◆ INFORMATION SHOWN
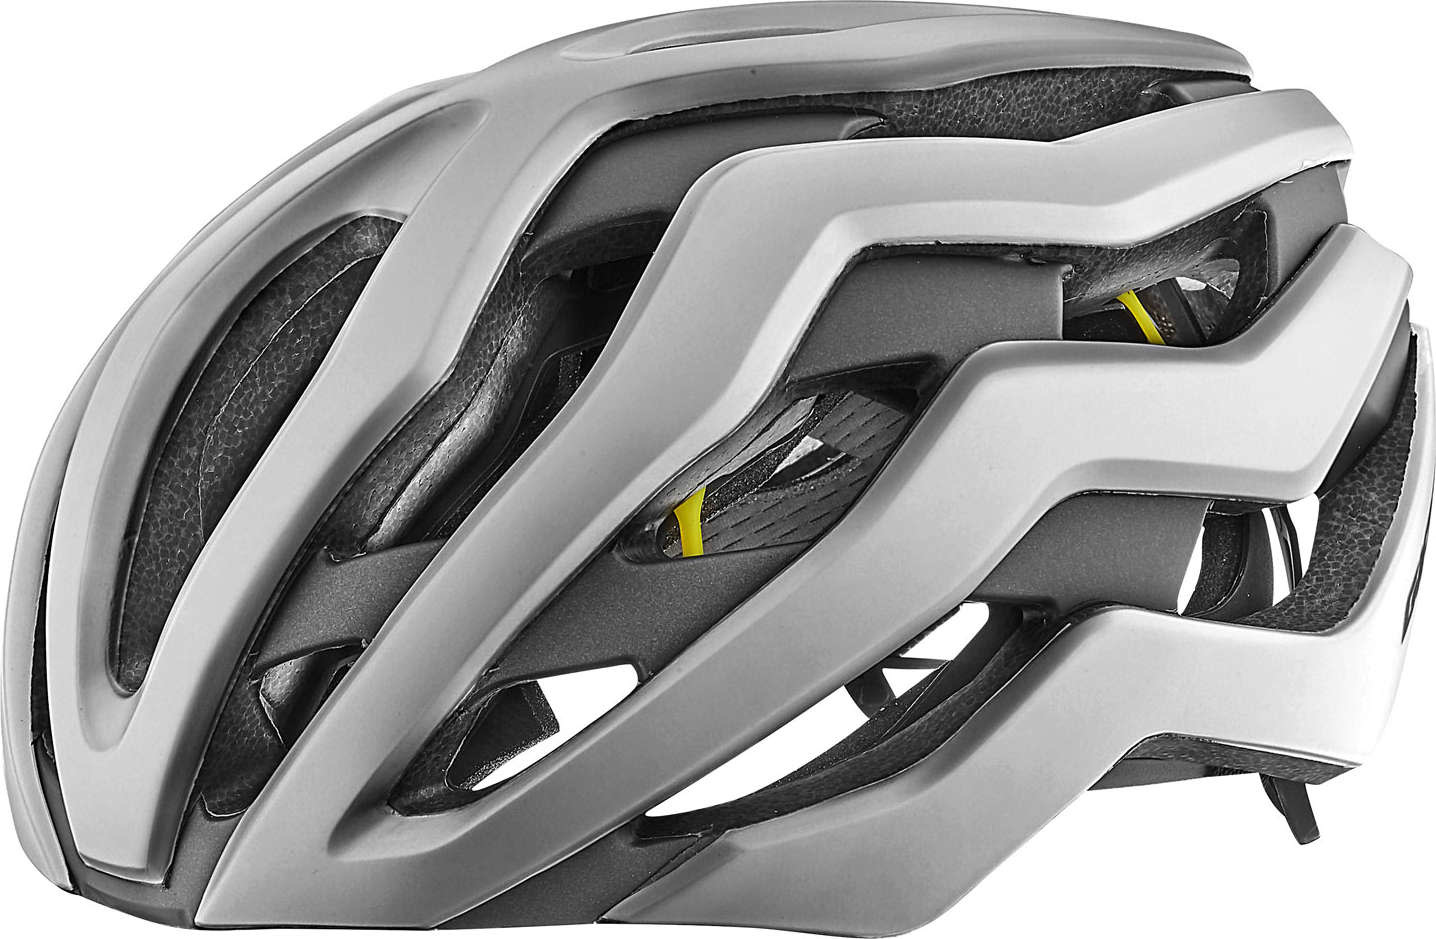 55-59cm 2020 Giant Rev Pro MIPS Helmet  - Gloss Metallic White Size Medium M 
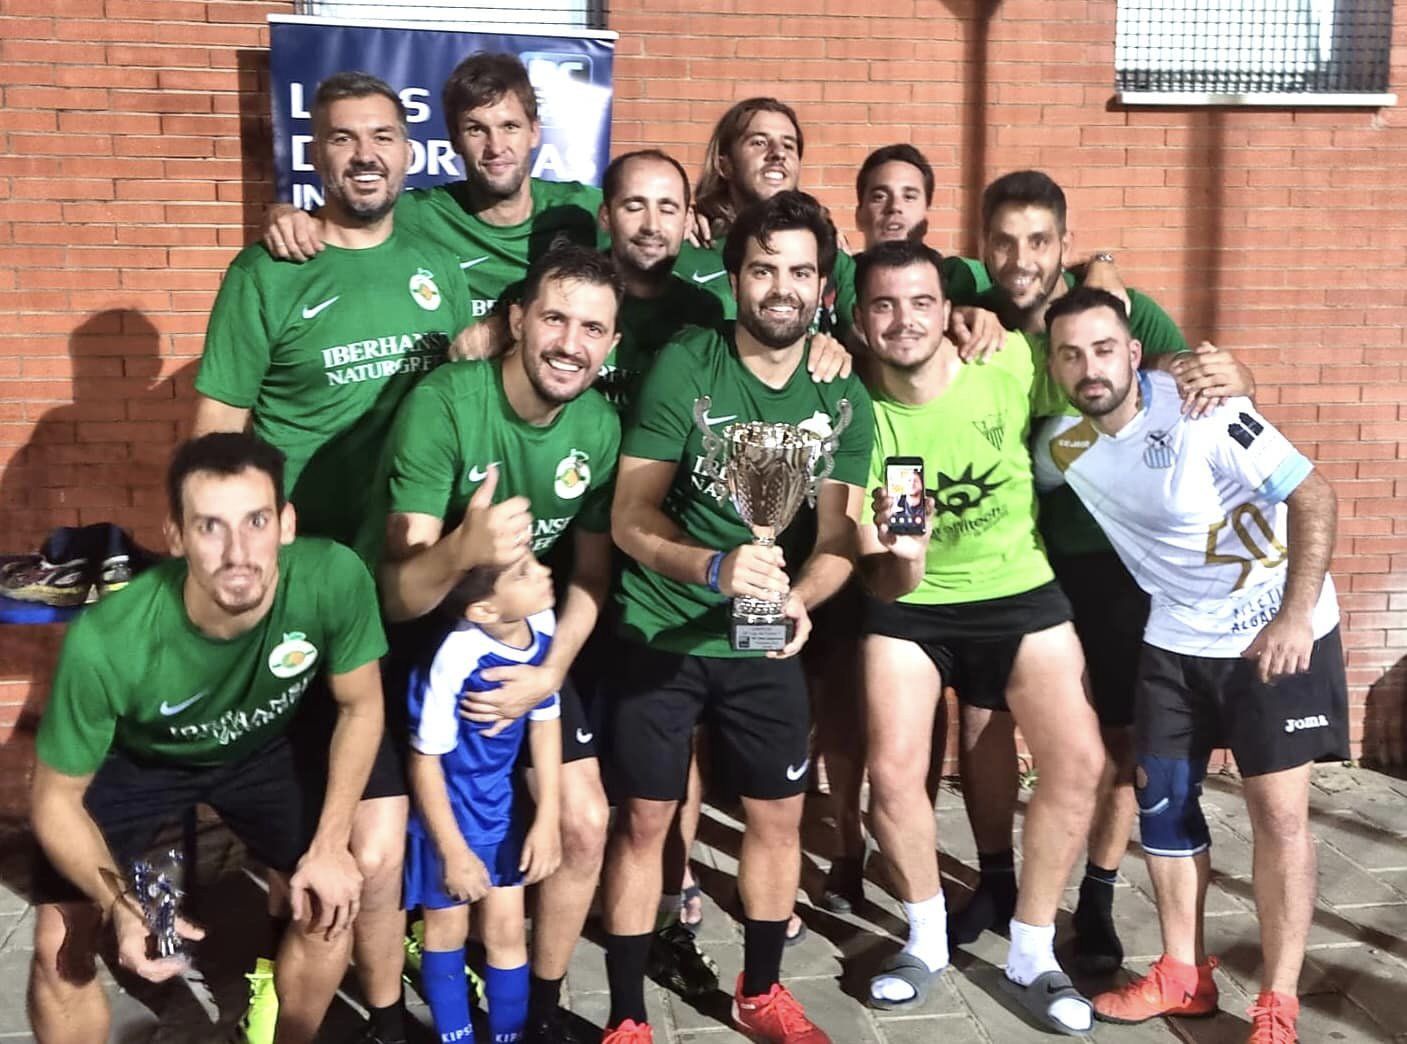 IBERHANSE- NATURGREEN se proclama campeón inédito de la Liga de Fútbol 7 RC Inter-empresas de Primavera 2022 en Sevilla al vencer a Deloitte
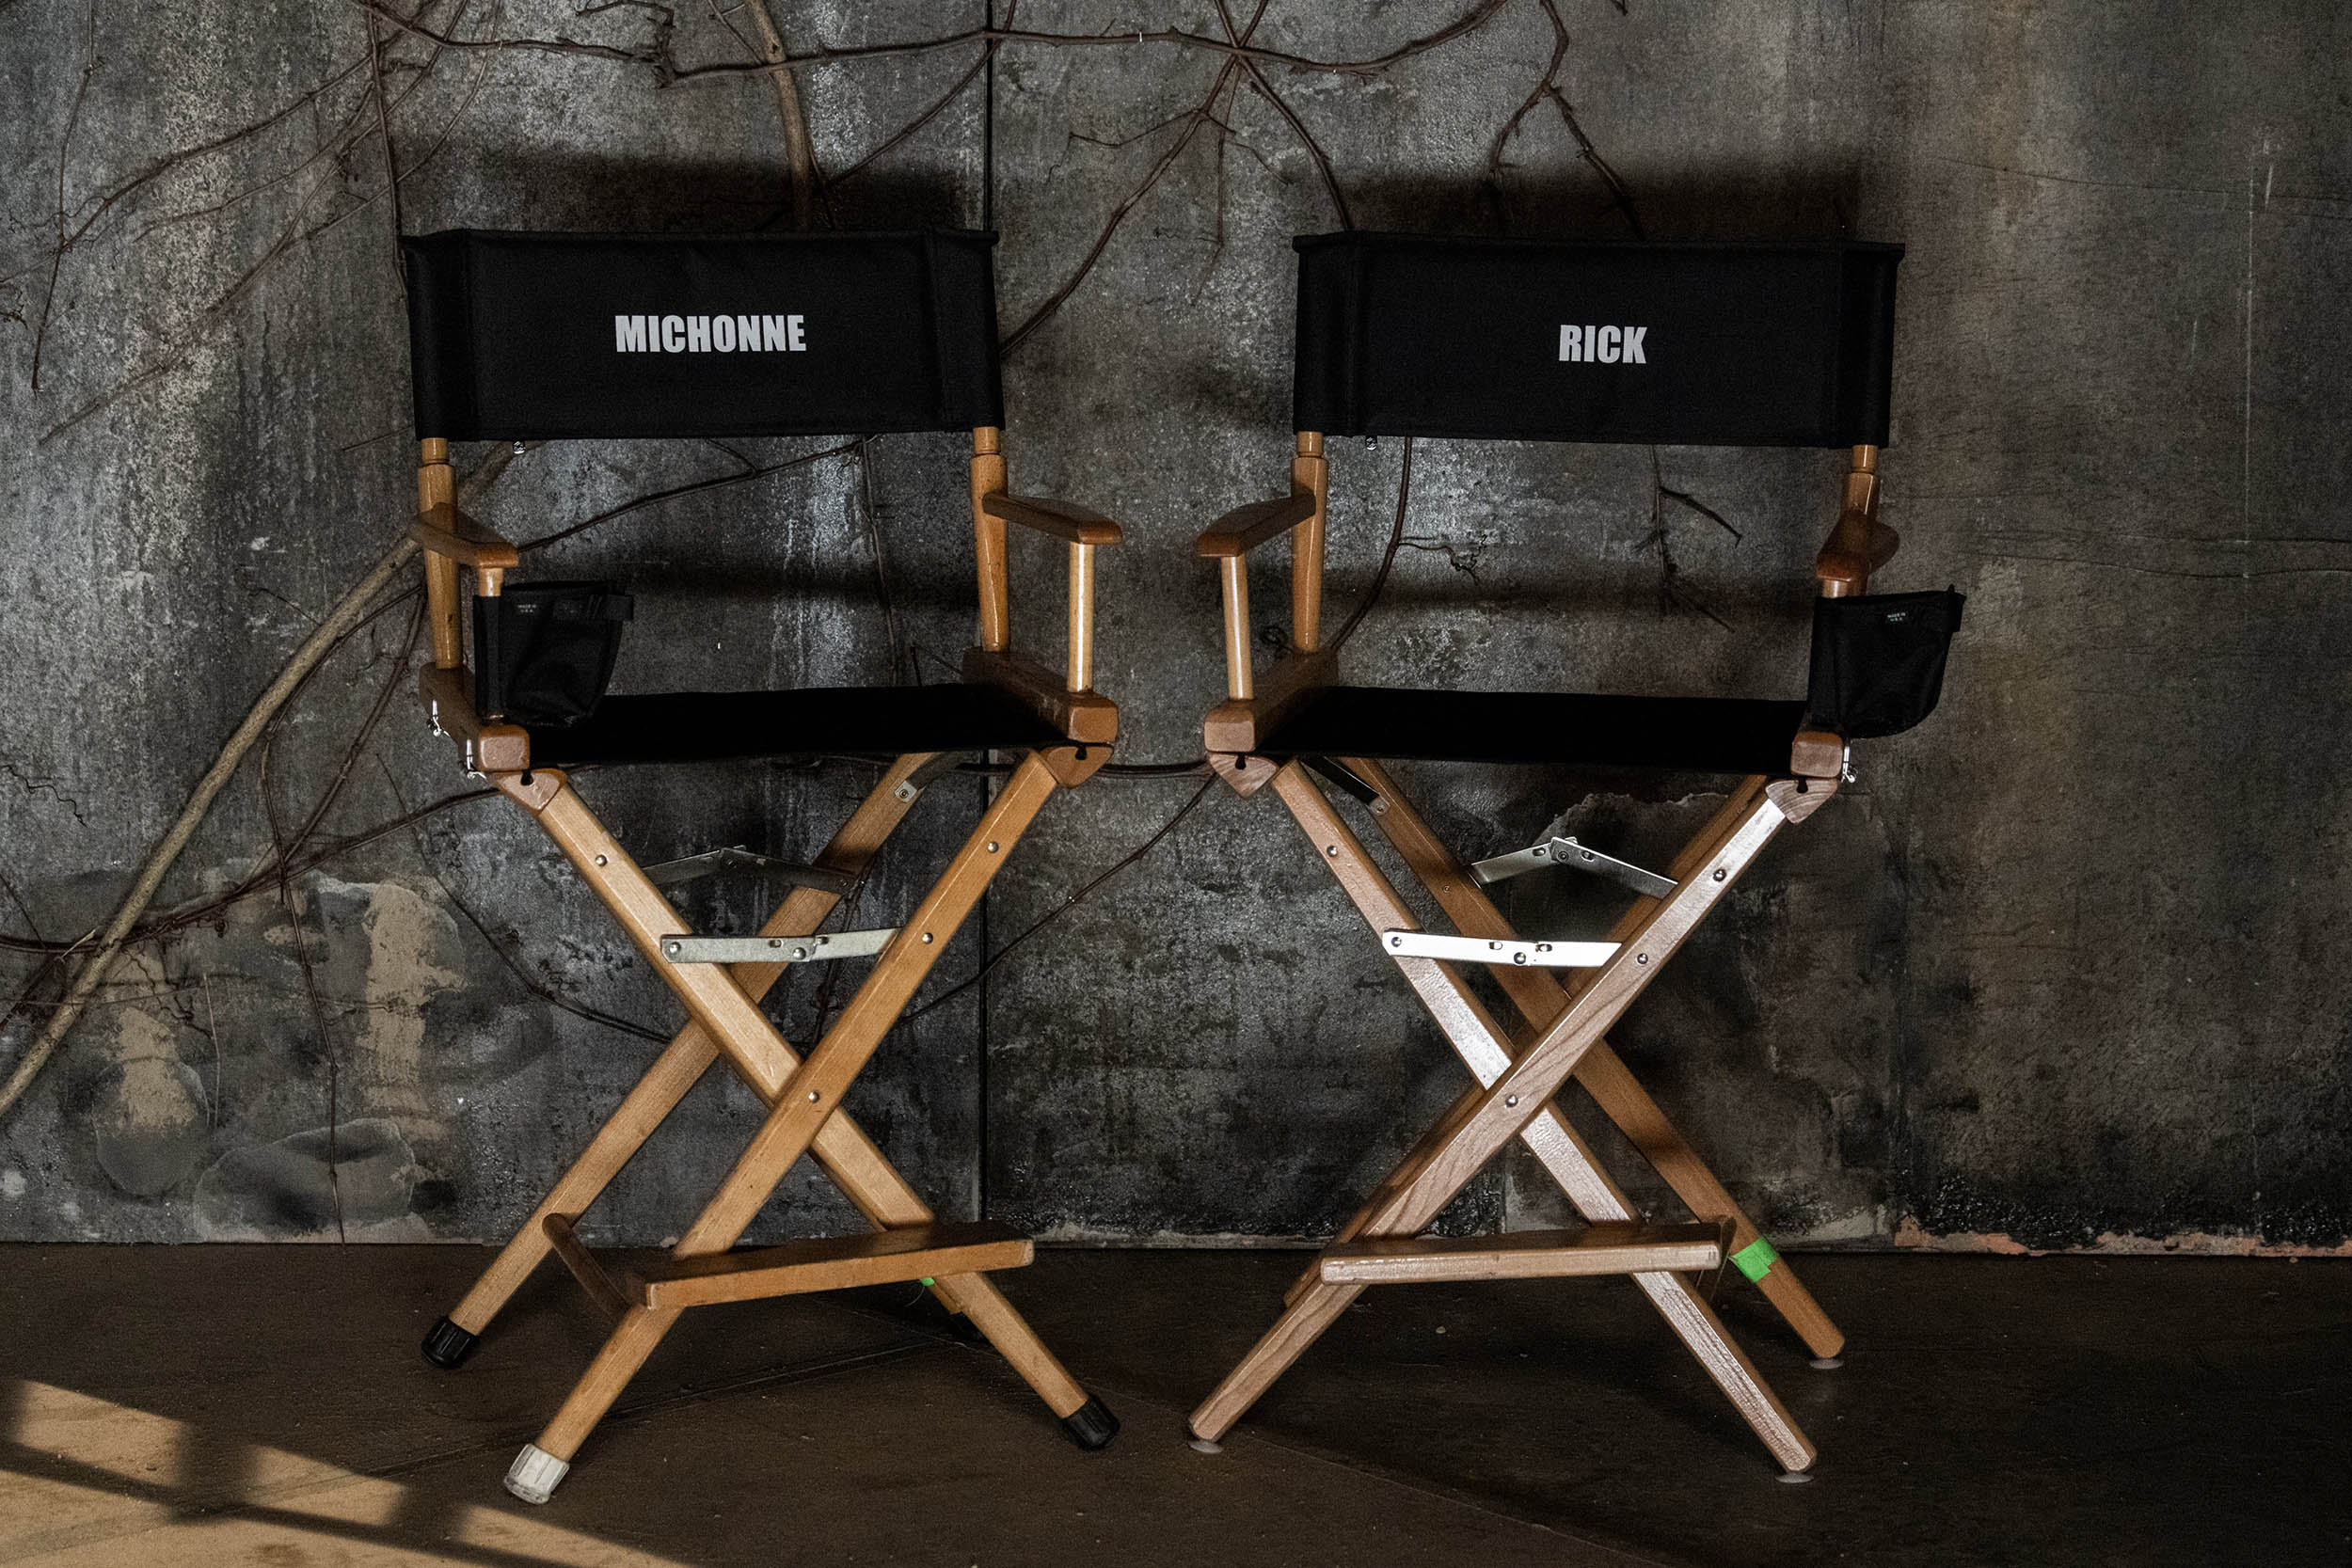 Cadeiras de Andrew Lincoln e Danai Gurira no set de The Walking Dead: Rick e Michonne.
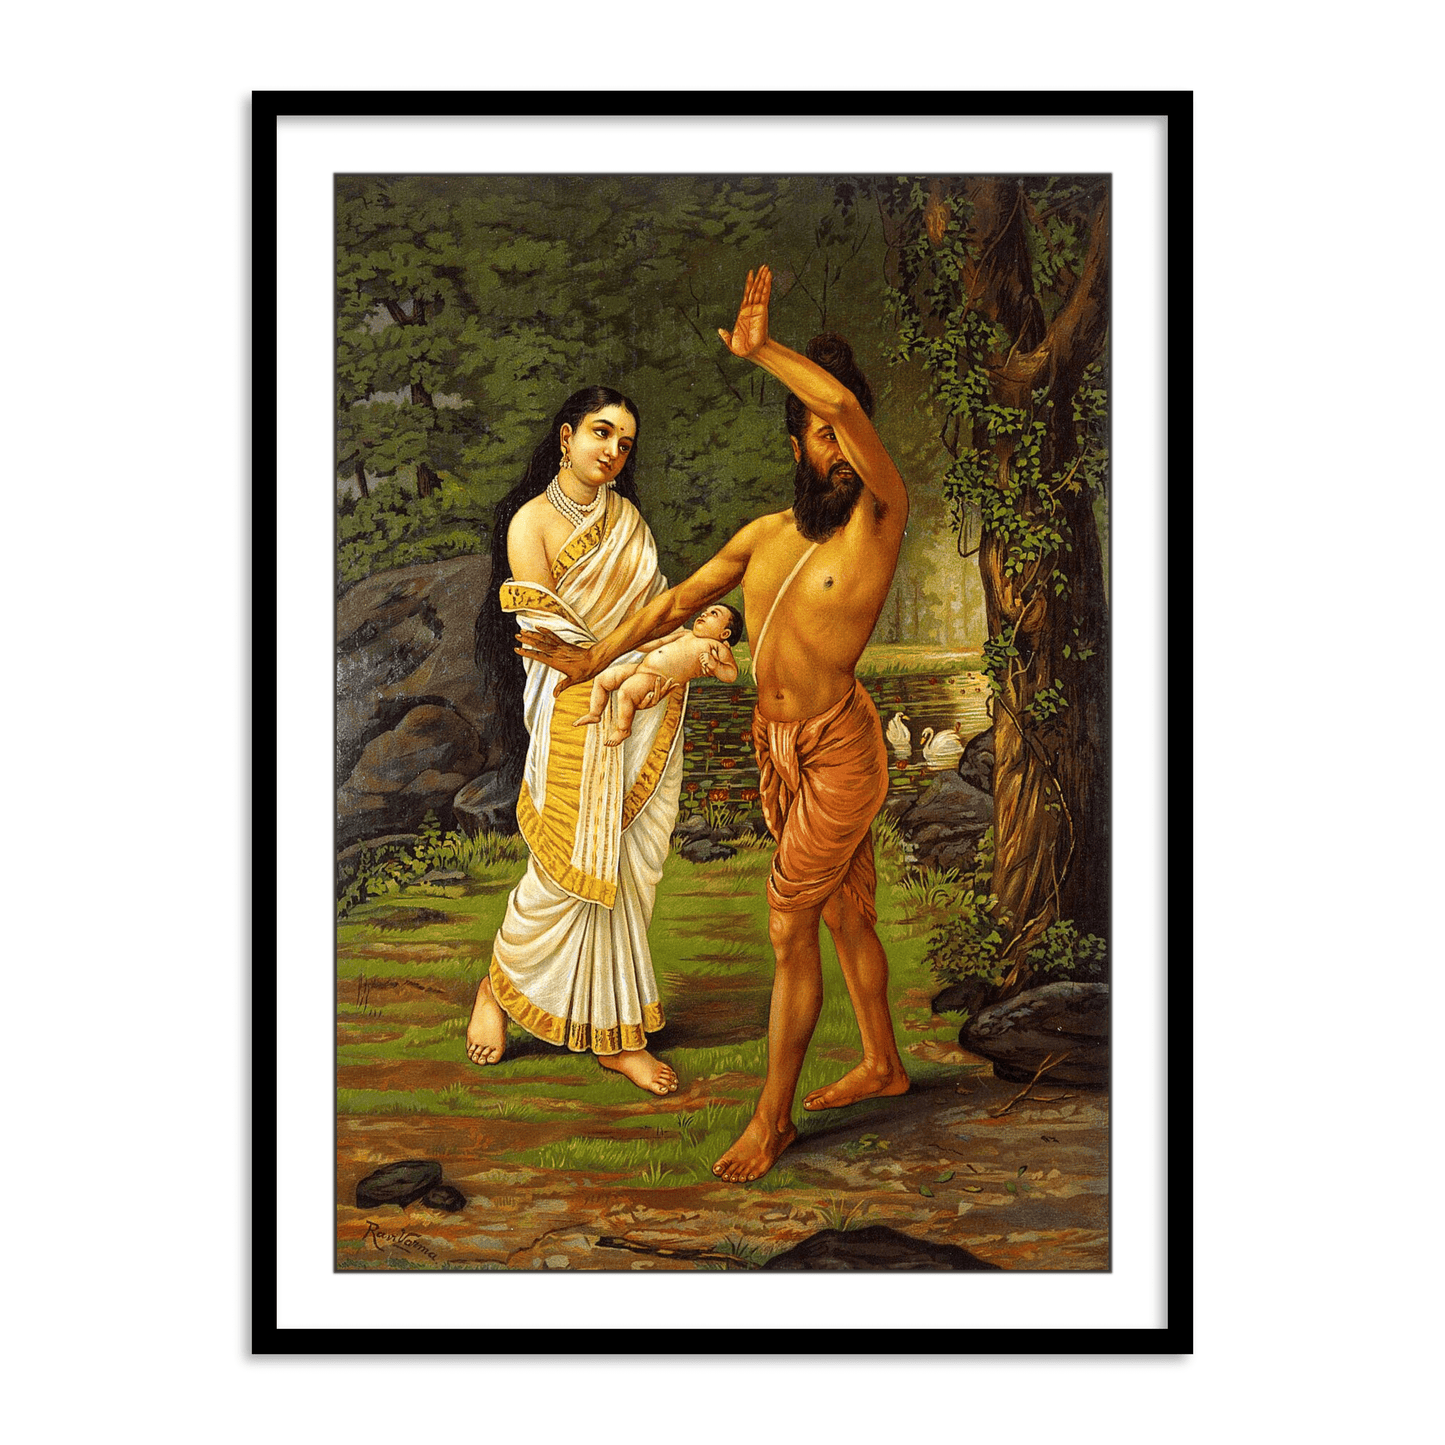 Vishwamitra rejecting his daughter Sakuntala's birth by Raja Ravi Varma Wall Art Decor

◆ YOUR ASSIGNMENT
Print all the material above exactly, and drop the images.

◆ RESULT
 55-59cm 2020 Giant Rev Pro MIPS Helmet  - Gloss Metallic White Size Medium M 
 IBERHANSE- NATURGREEN se proclama campeón inédito de la Liga de Fútbol 7 RC Inter-empresas de Primavera 2022 en Sevilla al vencer a Deloitte
 Cadeiras de Andrew Lincoln e Danai Gurira no set de The Walking Dead: Rick e Michonne.
 Vishwamitra rejecting his daughter Sakuntala's birth by Raja Ravi Varma Wall Art Decor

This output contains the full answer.